Hi,
I have a question about the way to safely kill or recover stacked nodes.
let me explain how I was in trouble and what is the question.
☆ The way I was in trouble
- DB is stucked during the benchmarking. (I saw lock wait timeout warning from the bench marking apllication)
processlist of Master (Node for update) is as follows
mysql> show processlist;
±—±------------±--------------------±-----±--------±------±---------------------------±----------------------±----------±--------------±----------+
| Id | User | Host | db | Command | Time | State | Info | Rows_sent | Rows_examined | Rows_read |
±—±------------±--------------------±-----±--------±------±---------------------------±----------------------±----------±--------------±----------+
| 1 | system user | | NULL | Sleep | 14292 | wsrep aborter idle | NULL | 0 | 0 | 0 |
| 2 | system user | | NULL | Sleep | 14292 | NULL | NULL | 0 | 0 | 0 |
(…)
| 32 | system user | | NULL | Sleep | 14263 | NULL | NULL | 0 | 0 | 0 |
| 33 | system user | | NULL | Sleep | 14263 | NULL | NULL | 0 | 0 | 0 |
| 37 | tpcc | 192.168.10.45:41469 | tpcc | Killed | 12945 | wsrep in pre-commit stage | commit | 0 | 0 | 0 |
( many thread of pre-commit stage threads )
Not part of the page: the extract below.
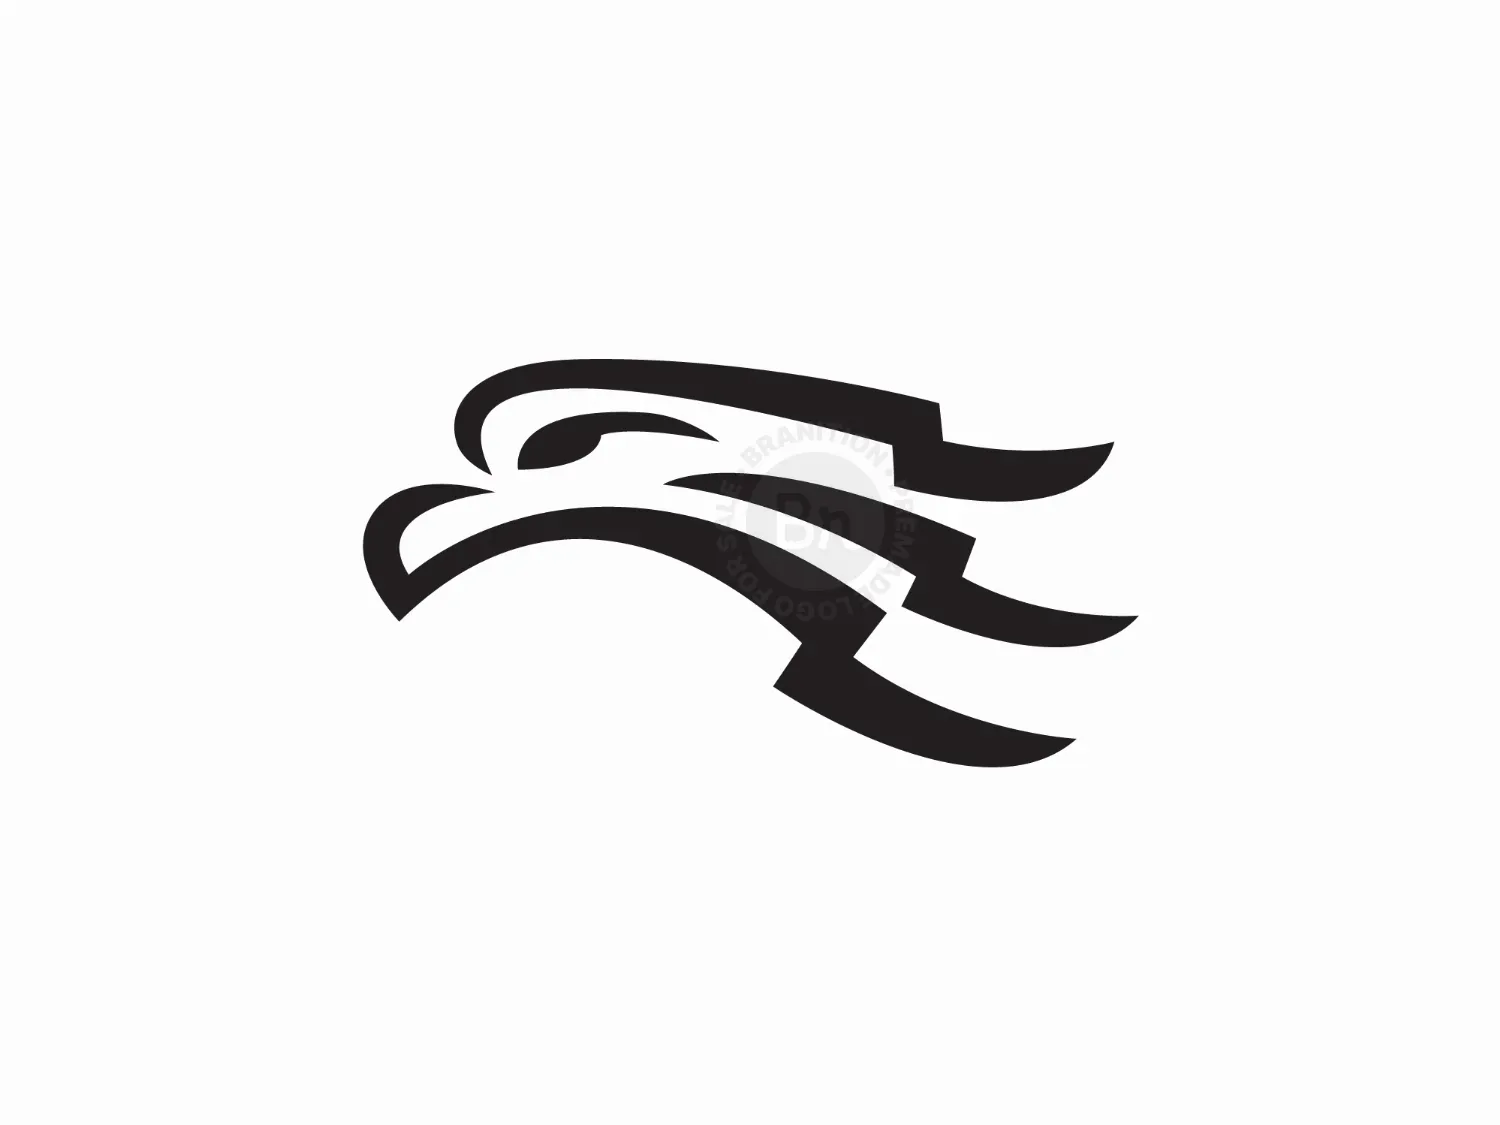 Eagle Flag Logo

| 42 | tpcc | 192.168.10.45:41474 | tpcc | Query | 12945 | wsrep in pre-commit stage | commit | 0 | 0 | 0 |
(…)
| 69 | root | localhost | NULL | Query | 7669 | Preparing for TO isolation | create database test1 | 0 | 0 | 0 |
| 72 | root | localhost | NULL | Query | 0 | sleeping | show processlist | 0 | 0 | 0 |
±—±------------±--------------------±-----±--------±------±---------------------------±----------------------±----------±--------------±----------+
55 rows in set (0.00 sec)
Id 69 is query so that I confirm whether I can update DB. ( this query seems to be stucked )
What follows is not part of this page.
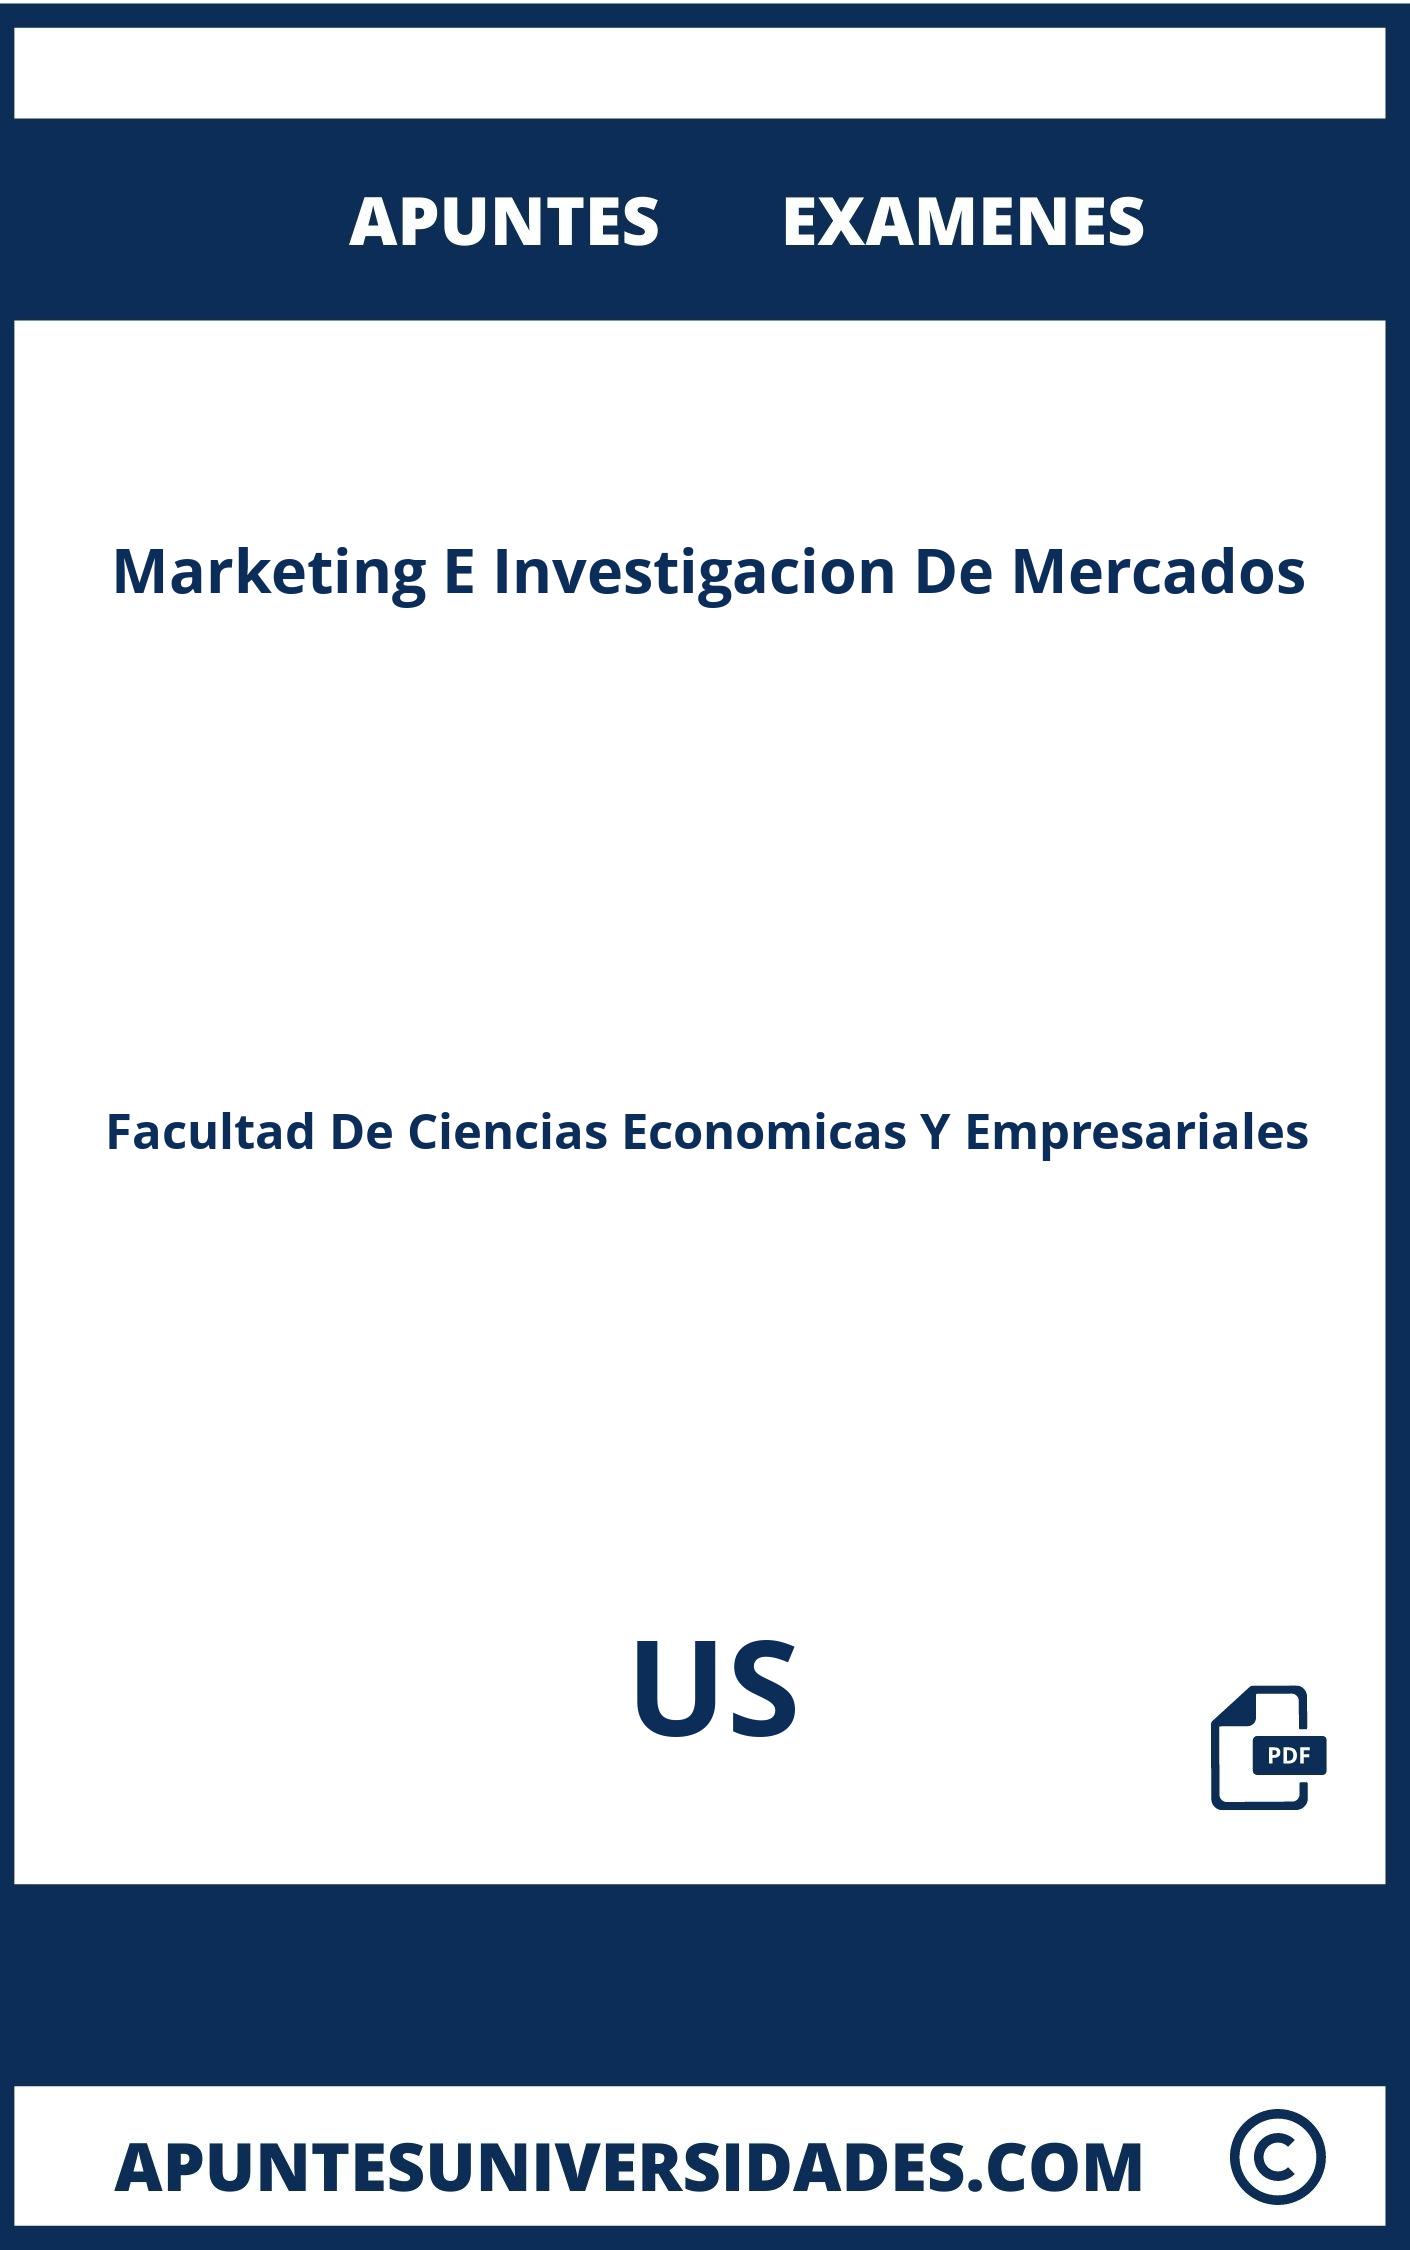 Apuntes y Examenes de Marketing E Investigacion De Mercados US

- So I checked transaction state by referencing select * from information_schema.innodb_trx;
** transaction of master node is empty (this is OK)
mysql> select * from information_schema.innodb_trx;
Empty set (0.00 sec)
** transaction of slave nodes is not empty and seems to be stucked. (this also is OK).
*************************** 29. row ***************************
trx_id: 1B01
trx_state: RUNNING
trx_started: 2014-07-17 14:19:53
trx_requested_lock_id: NULL
trx_wait_started: NULL
trx_weight: 11
trx_mysql_thread_id: 6
trx_query: NULL
trx_operation_state: NULL
trx_tables_in_use: 0
trx_tables_locked: 0
trx_lock_structs: 7
trx_lock_memory_bytes: 1248
trx_rows_locked: 3
trx_rows_modified: 4
trx_concurrency_tickets: 0
trx_isolation_level: READ COMMITTED
trx_unique_checks: 1
trx_foreign_key_checks: 1
trx_last_foreign_key_error: NULL
trx_adaptive_hash_latched: 0
trx_adaptive_hash_timeout: 10000
trx_wsrep_seqno: 5594362
trx_query_state: idle
trx_conflict_state: no conflict
trx_exec_mode: applier
trx_consistency_check: None
*************************** 30. row ***************************
trx_id: 1B00
trx_state: RUNNING
trx_started: 2014-07-17 14:19:53
trx_requested_lock_id: NULL
trx_wait_started: NULL
trx_weight: 11
trx_mysql_thread_id: 4
trx_query: NULL ☆ NULL !
trx_operation_state: NULL
trx_tables_in_use: 0
trx_tables_locked: 0
trx_lock_structs: 7
trx_lock_memory_bytes: 1248
trx_rows_locked: 3
trx_rows_modified: 4
trx_concurrency_tickets: 0
trx_isolation_level: READ COMMITTED
trx_unique_checks: 1
trx_foreign_key_checks: 1
trx_last_foreign_key_error: NULL
trx_adaptive_hash_latched: 0
trx_adaptive_hash_timeout: 10000
trx_wsrep_seqno: 5594361
trx_query_state: idle
trx_conflict_state: no conflict
trx_exec_mode: applier
trx_consistency_check: None
30 rows in set (0.01 sec)
mysql> system date;
Thu Jul 17 18:21:36 JST 2014
** process list of slave node is as follows (slave side have the position of write set)
mysql> show processlist;
±—±------------±----------±-----±--------±------±--------------------------±-----------------±----------±--------------±----------+
| Id | User | Host | db | Command | Time | State | Info | Rows_sent | Rows_examined | Rows_read |
±—±------------±----------±-----±--------±------±--------------------------±-----------------±----------±--------------±----------+
| 1 | system user | | NULL | Sleep | 14461 | applied write set 5594368 | NULL | 0 | 0 | 0 |
| 2 | system user | | NULL | Sleep | 14871 | wsrep aborter idle | NULL | 0 | 0 | 0 |
| 3 | system user | | NULL | Sleep | 14461 | applied write set 5594365 | NULL | 0 | 0 | 0 |
(many threads)
| 33 | system user | | NULL | Sleep | 14461 | applied write set 5594392 | NULL | 0 | 0 | 0 |
| 36 | root | localhost | NULL | Query | 0 | sleeping | show processlist | 0 | 0 | 0 |
±—±------------±----------±-----±--------±------±--------------------------±-----------------±----------±--------------±----------+
34 rows in set (0.01 sec)
☆ Question
Is there any recommended way to manage without restarting the node, when some transaction seem to be stucked?
I confirmed
- I can’t kill wsrep_slave_threads
- I can kill original master side thread to stuck
(Even If we can fix transaction status among the cluster by this operation, there is the problen that I don’t have any information to know which thread to kill because there seems to be no information to link the slave thread.)